The Intel NUC is small, quiet, and cheap to run. With 16 GB RAM it will not brute-force 70B models, but it will serve 7B/8B models comfortably for local workflows. The goal here is a workable, production-style setup that respects basic security and good sys ops practice.
Target Architecture
[Client Browser over LAN] │ HTTPS (TLS) ▼ [Reverse Proxy: Apache or Nginx] │ proxy_pass → ▼ [Open WebUI container] │ HTTP (local) ▼ [Ollama container] │ └─[Docker volume: ollama AI engine & LLM models] [Knowledge Base / RAG] Ingested via Open WebUI; attached to a model profile so users do not need to prefix chats with #kb tags.
Sensitive items such as internal DNS names, IPs, and certificate locations are omitted by design.

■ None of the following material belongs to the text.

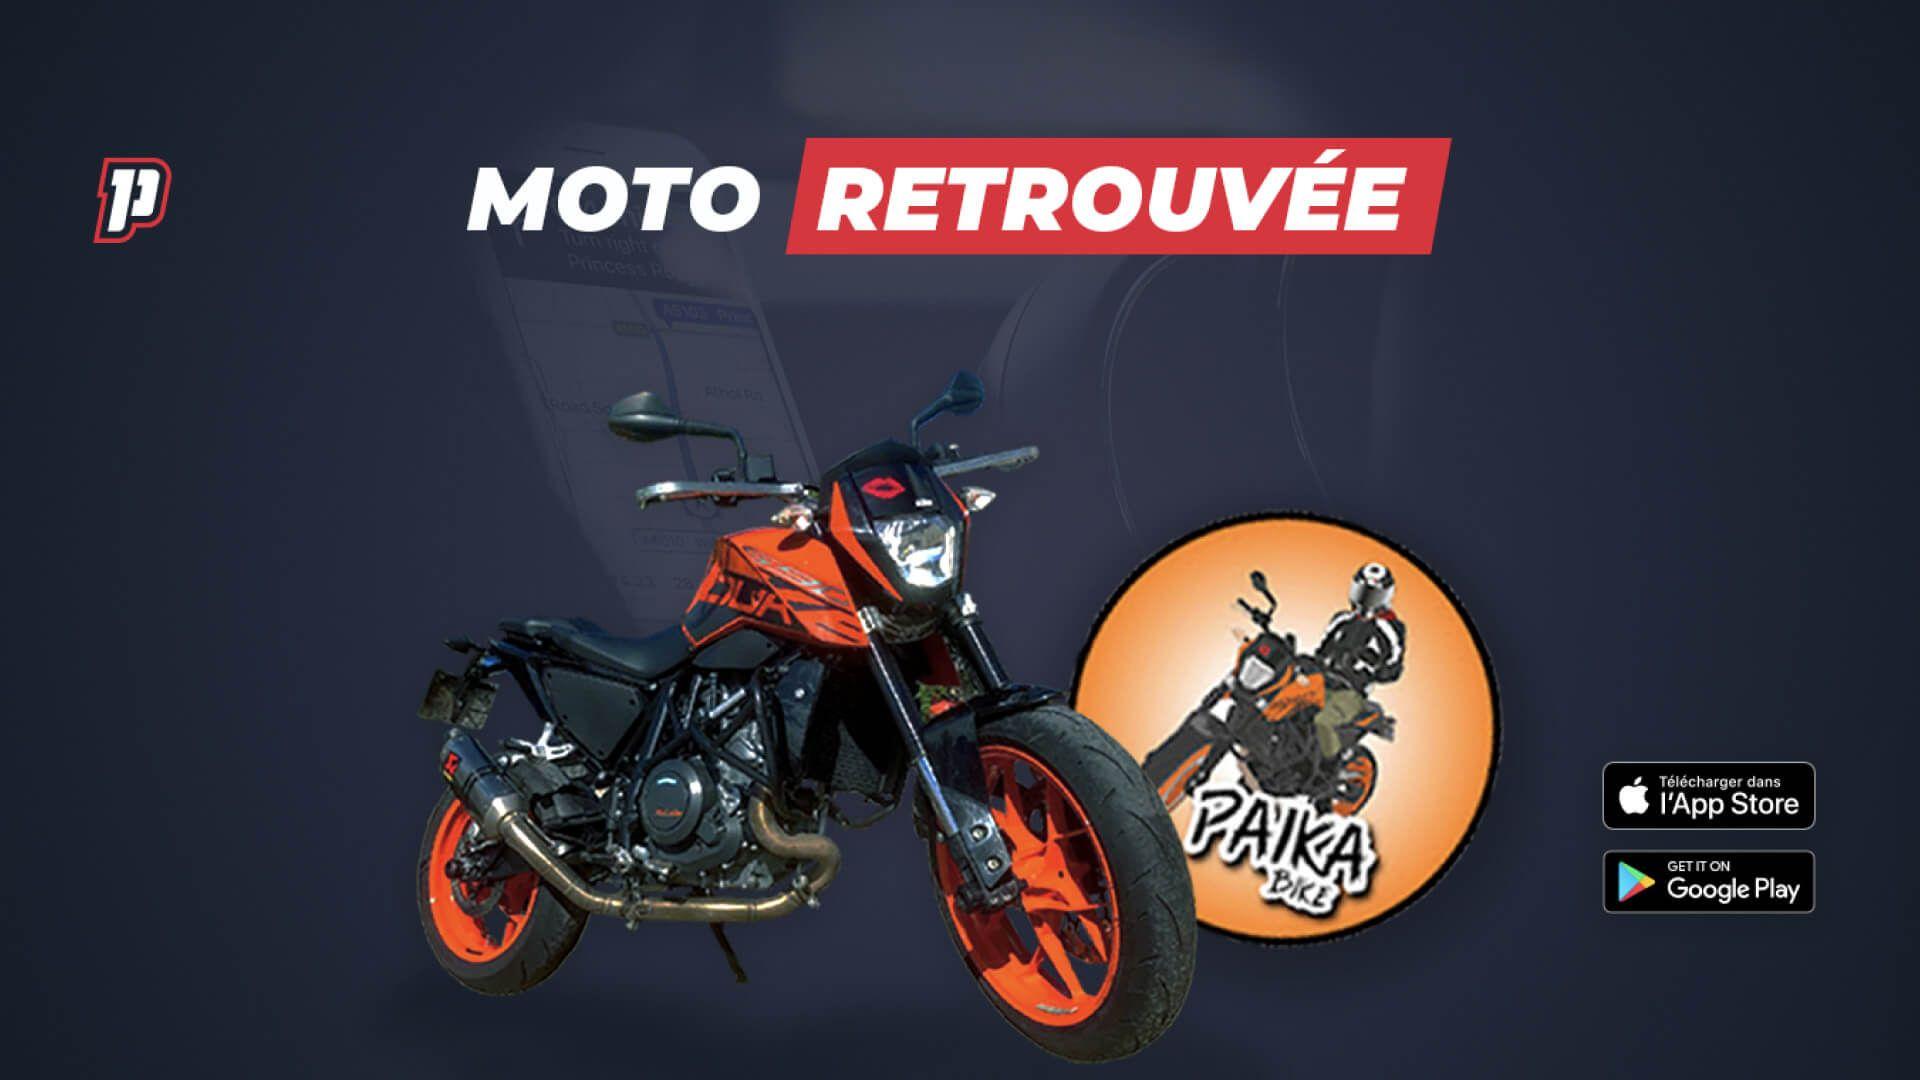 Moto Paika Bike retrouvée

You’ll need to substitute your own safe values.
Core Components
Host OS
- Ubuntu LTS (any recent stable release). Patches applied. Unnecessary services disabled.
- Docker Engine + Docker Compose v2.
Ollama AI Engine
- Runs LLMs locally; API on port
11434
(container-internal). - Models stored in a dedicated Docker volume to avoid brittle host paths.
- 7B/8B CPU models recommended for 16 GB RAM systems.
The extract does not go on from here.